Personality of Hazrat Babuji (R.A)
Hazrat Ghaus-e-Azam Syedna Sheikh Abdul Qadir Gilani (R.A) in his book “Fatoohul Ghaib” under the caption “the ten principles of Tareeqat” has given the following characteristics of "Ahl-e-Mujahida" and "Ulul Azm" people (Awlia-Allah - the Friends of God):
1. The man must not take God’s oath either deliberately or by oversight on right or wrong.
2. He should avoid telling lies, whether intentionally or by way of joke.
3. He should keep his word.
4. He should never curse anyone.
5. He should not pray against anyone even if someone has committed an excess.
6. He should never pronounce a firm Fatwa of ‘kufr’ or ‘shirk’ or ‘nifaq’ on any Ahl-e-Qibla.
7. He should keep away from open or secret sins.
8. He should not place a big or small burden on anyone; rather he should take away his burden from others.

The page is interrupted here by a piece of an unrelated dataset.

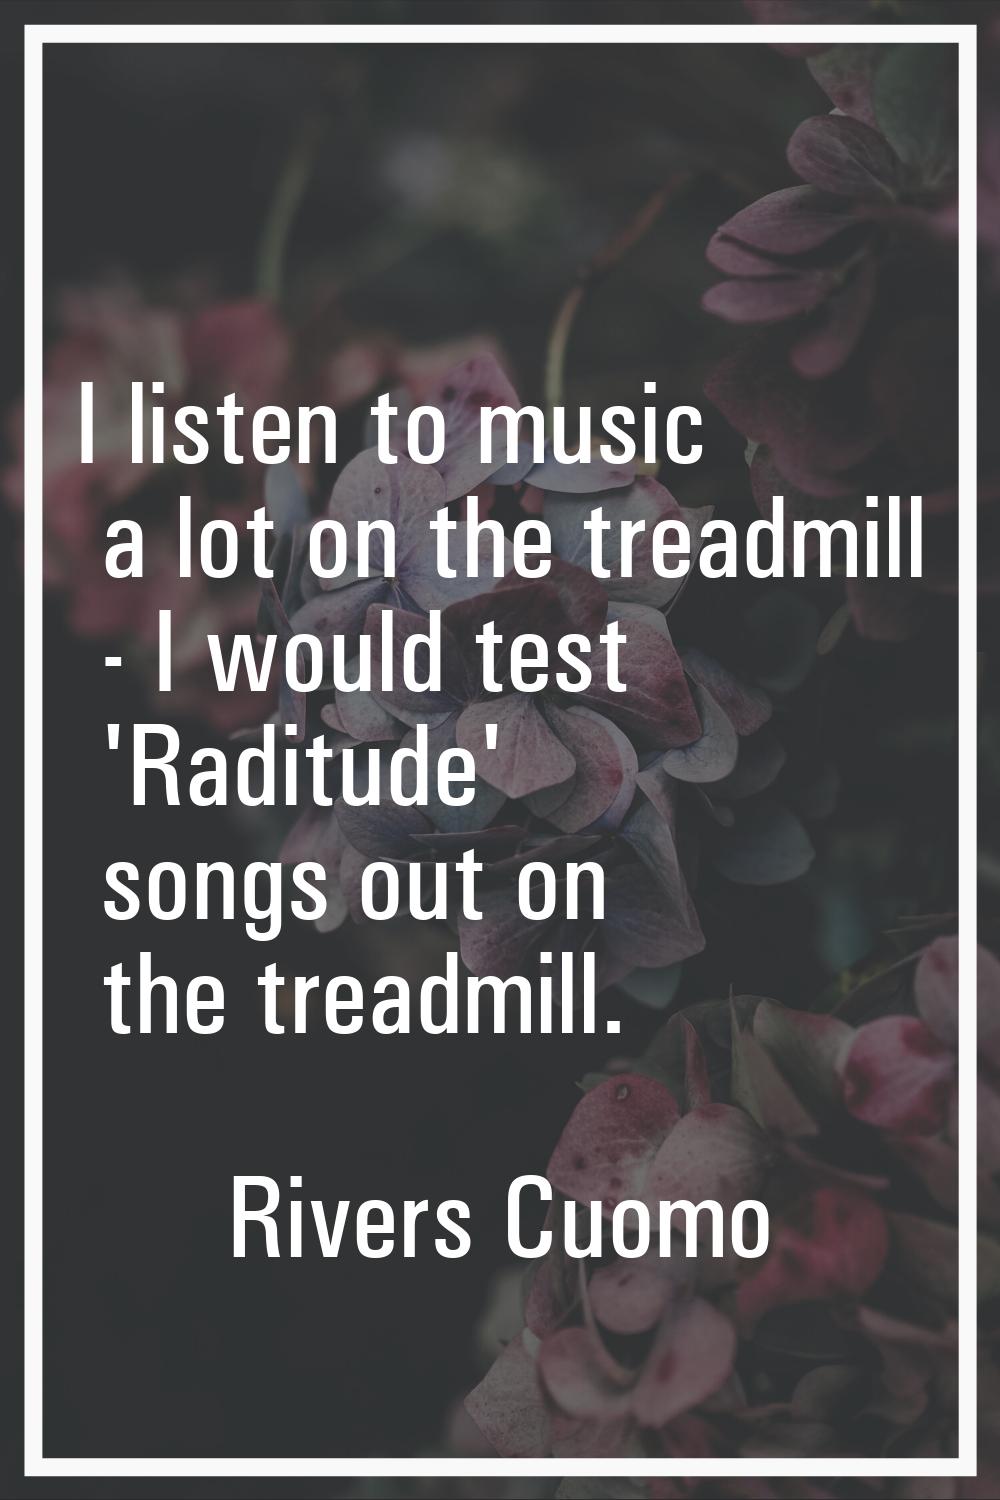 I listen to music a lot on the treadmill - I would test 'Raditude' songs out on the treadmill.

9. He should not expect any favour from any Momin, and should not aspire to secure things which others posses.
10. He should not meek. Meekness means that he holds himself low and that the others are possessing a higher status before Allah against him.

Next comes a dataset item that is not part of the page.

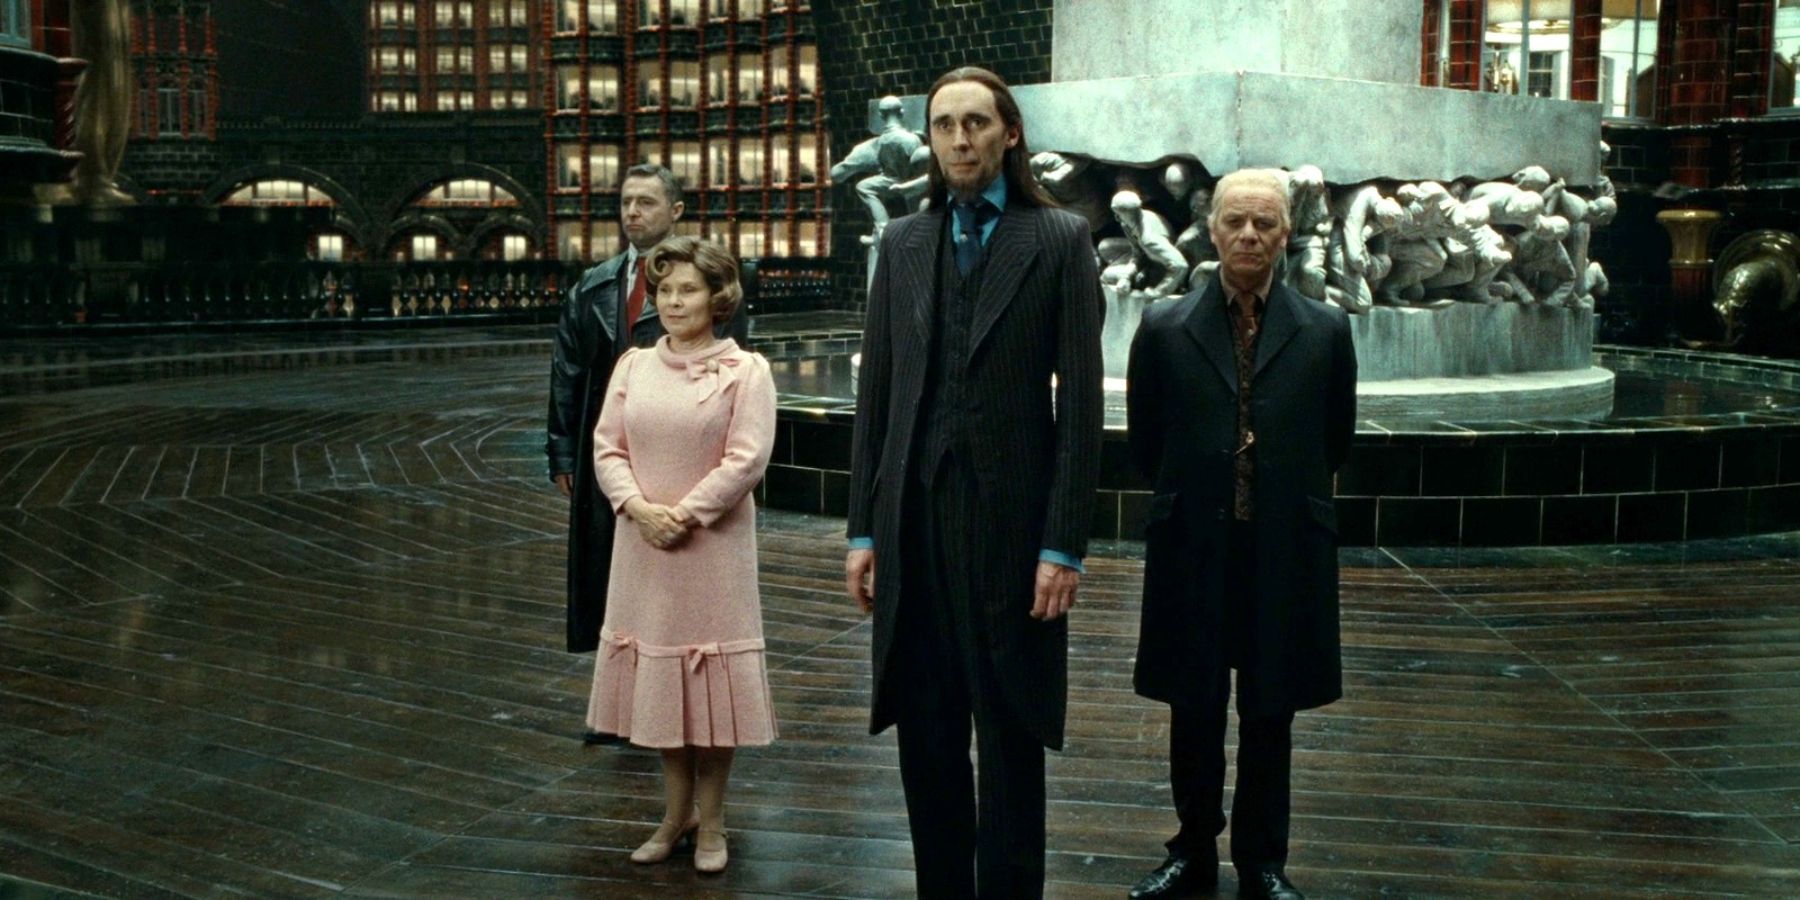 The members of The Ministry of Magic in Harry Potter

No doubt, Hazrat Babuji (R.A) possessed these to an eminent degree.
The practical application of the saying to such a perfect level bears the stamp of Babuji’s own teachings, as revealed via the correspondence Babuji (R.A) maintained with his “Sangees” (Devotees were never labeled as devotees but “Sangees” meaning companion / friend, highlighting the loving, humanitarian affection he bore regardless of caste, colour or creed, for his followers).
Babuji (R.A) never held “Rahbaniyat” in high esteem. Stoicism could never replace the worth and value inherent in the actual face-to-face practical experience of the world itself. For being a part of human society amidst all conflicting demands and social duties, and then emerging as a successful person spiritually, physically, mentally and morally – an exact replica of the Sunnah and Shariah, is the ultimate truth and the highest goal to be pursued. To be cut of from the social laws and moral obligations, and set all apart in isolation in search of God is no big deal. The real gem shone in being an all-rounder, and yet apart of divine existence.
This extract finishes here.